The Supreme Court has confirmed the Court of Appeal’s view that voluntary occupation does not attract the protections of the Equality Act or the Framework Directive.
Background
The appellant had worked as a volunteer adviser for the Citizens’ Advice Bureau since 2006. In 2007 she claimed that she was asked to cease work in circumstances amounting to discrimination on grounds of disability. She sought to bring proceedings against the respondent but the Court of Appeal held that the Employment Tribunal had no jurisdiction to hear the case as she was a volunteer rather than an employee, and therefore fell outside the scope of protections against discrimination under the Disability Discrimination Act 1995 (now covered by the Equality Act 2010) and Directive 2000/78/EEC (“the Framework Directive”). See Isabel McArdle’s post on that decision here.

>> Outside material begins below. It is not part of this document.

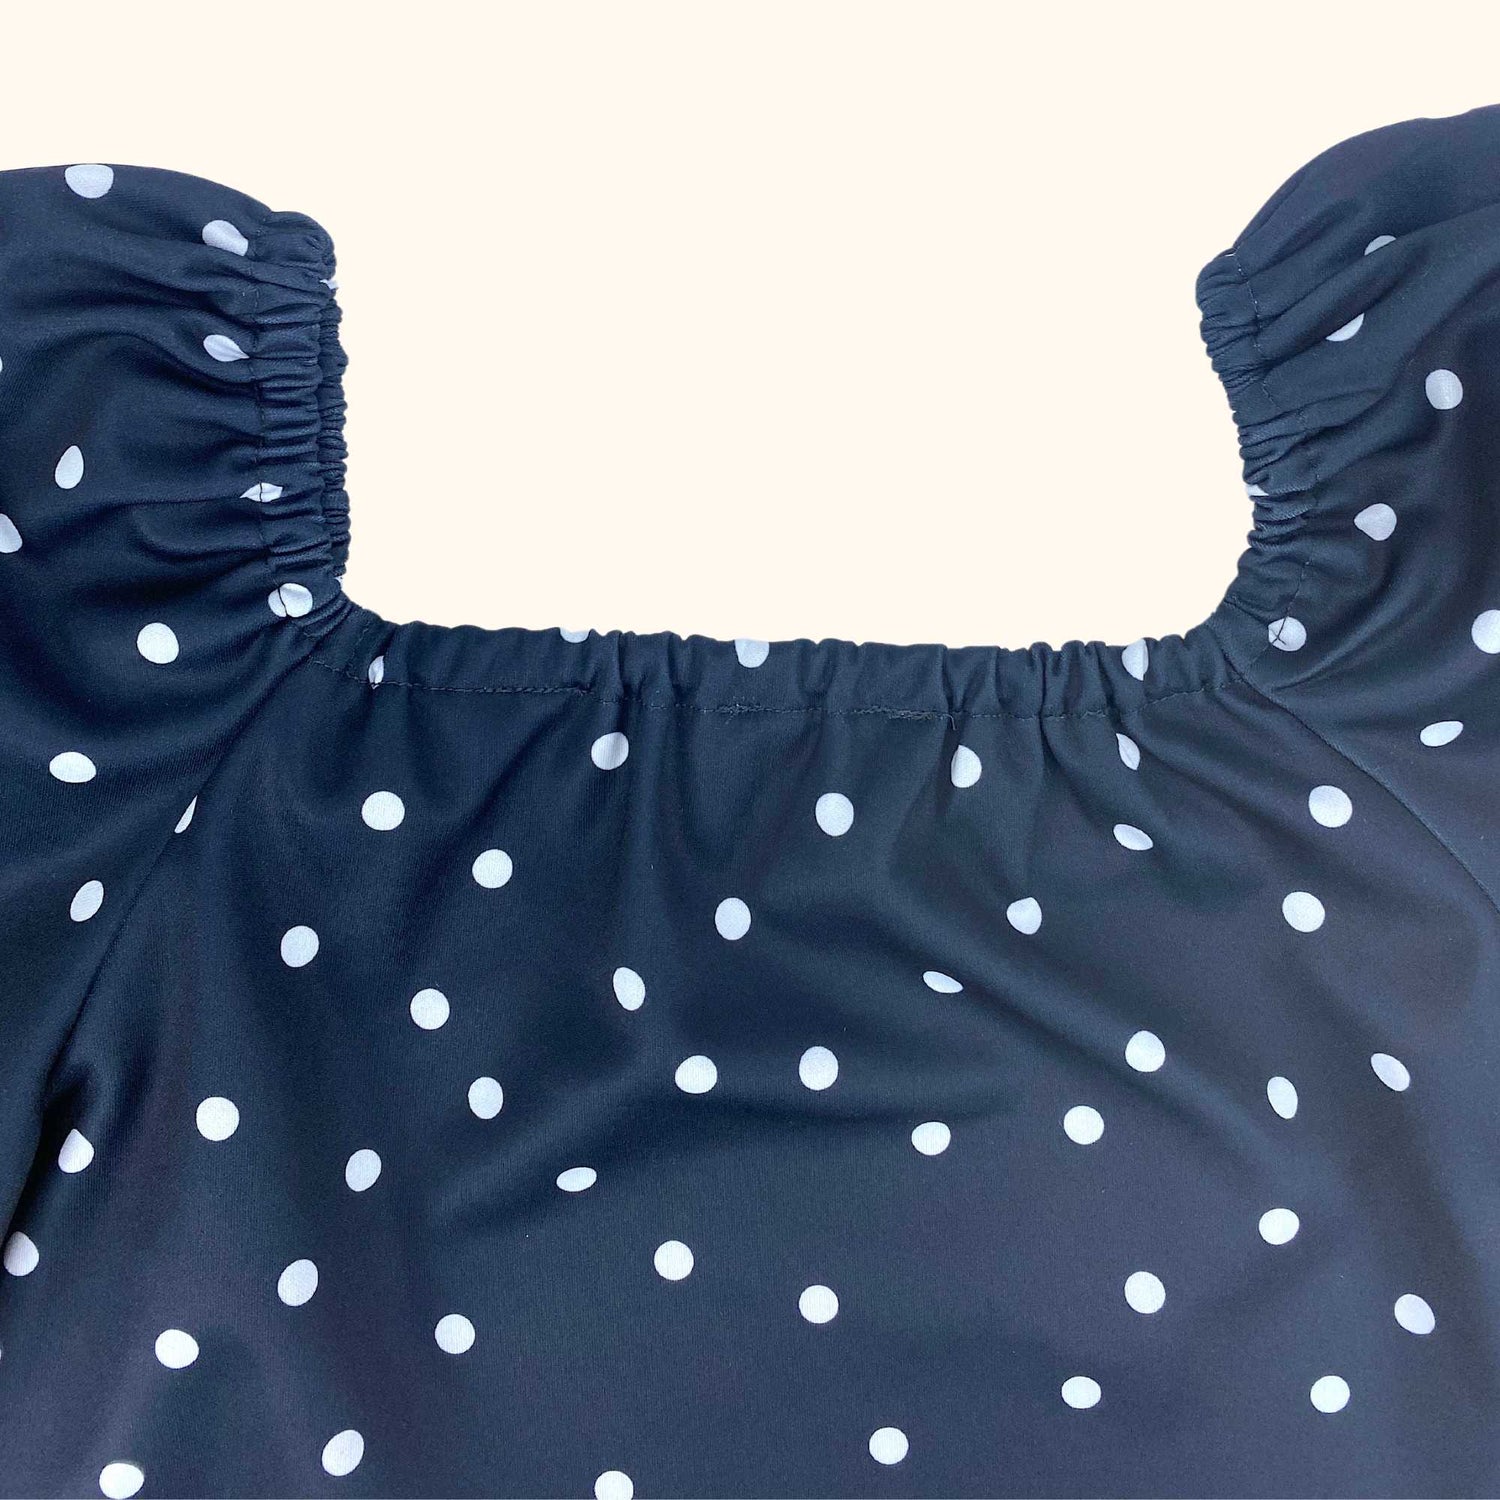 ASOS Polka Dot Navy Blue Short Sleeve Scuba Dress - Size 8 - ASOS - Dresses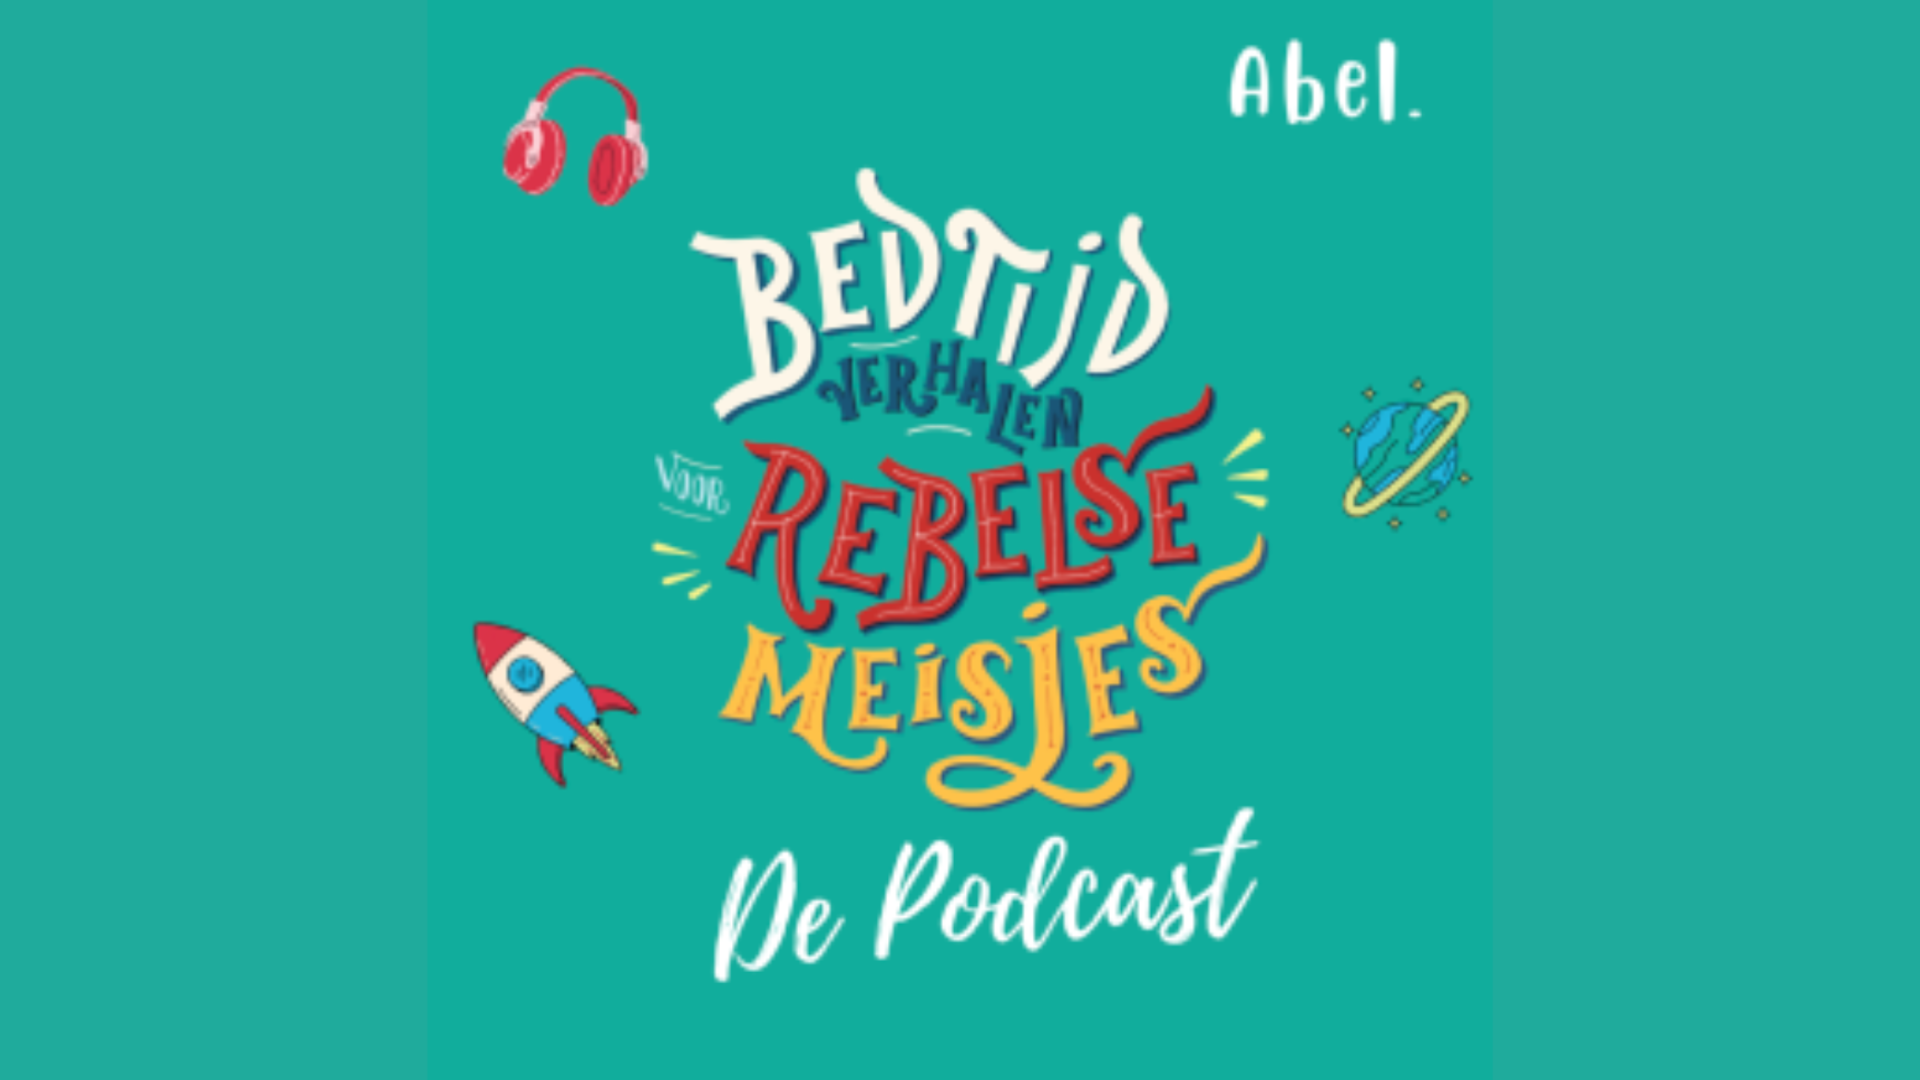 Bedtijdverhalen voor Rebelse Meisjes De Podcast

In this appeal the appellant contended that her voluntary activities constituted an “occupation” for the purpose of the Framework Directive and therefore the effect of the Directive should extend to her either under the principle in Marleasing Case C-106/89 (which requires courts of Member States to read down the words of domestic legislation in order to conform to EU law). Alternatively she argued that the general principle of equality contained in Article 19(1) TFEU, taken in combination with the Framework Directive which was enacted to crystallise it, gave her a direct claim under the principle in Mangold v Helm Case C-144/04.
She also argued that if the Framework Directive was open to reasonable doubt, reference should be made to the Court of Justice of the European Union (CJEU) for a preliminary ruling to clarify whether the Directive applies to at least some categories of volunteer.
The Supreme Court dismissed appeal in its entirety.
Reasoning behind the Court’s judgment
The Court held unanimously that the appellant had no contract and therefore did not on the face of it benefit by the domestic protection afforded by the DDA. Whether she could have any claim thus depended upon whether it was the intention of Article 3(1)(a) of the Framework Directive that there should be a wider protection covering volunteers in her position. The Court was of the view that this was not the intention and no reference was needed to the CJEU.
Lord Mance found, in particular, that the Directive is not unlimited in scope or extent. It confers carefully defined protections against discrimination on grounds of disability to apply in specified circumstances. The legislative history of the Directive confirms that it was not intended that Article 3(1)(a) should encompass voluntary work. No reference was made to voluntary work in the European Commission’s original proposal emanating from the European Parliament which would have extended the meaning of the provision in the way contended for by the appellant. Nor has it ever been suggested by the Commission that the apparent absence in the UK, or any other Member State for that matter, of general protection in respect of volunteers amounts to a failure to properly implement the Directive.
A preliminary reference was not necessary because there is no scope for reasonable doubt about the conclusion that the Directive does not cover voluntary activity.
Since Article 3(1)(a) does not extend to voluntary activities of the sort undertaken by the appellant, the Court found it unnecessary to consider the issues of EU law which would have arisen from a contrary conclusion, particularly the possible relevance and scope of the principle in either Marleasing or Mangold.
Comment
In her discussion on the Court of Appeal’s judgment, Isabel McArdle wondered whether the spread of unpaid work, particularly in the form of internships, might influence the Supreme Court to extend the protection of discrimination laws to voluntary occupations. In fact Lord Mance specifically left open the question whether interns might come within the scope of these protections:
‘Occupation’ is a protean word, which can, depending on context, cover a wide variety of activities associated with work or leisure. Volunteers also come in many forms, including the cheerful guide at the London Olympics, the charity shop attendant, the intern hoping to learn and impress and the present appellant who provided specialist legal services. The intern might well fall within article 3(1)(b), but, for reasons to those which I have pointed out …above, the appellant did not. [15]
It would be very interesting to see how an intern in the appellant’s position would fare. There is something qualitatively different about the current necessity for young people to qualify for paid employment via a series of unpaid short term internships, versus the availability of voluntary work that is generally undertaken for a range of motives, from good citizenship to simply needing an occupation. The latter does not have the character of a career path about it. It must be right that those responsible for running such voluntary agencies should not be burdened with the shackles of employment protection. Companies offering internships on the other hand are generally in the business of employing people anyway and are unlikely to be deterred by discrimination legislation from taking on unpaid trainees.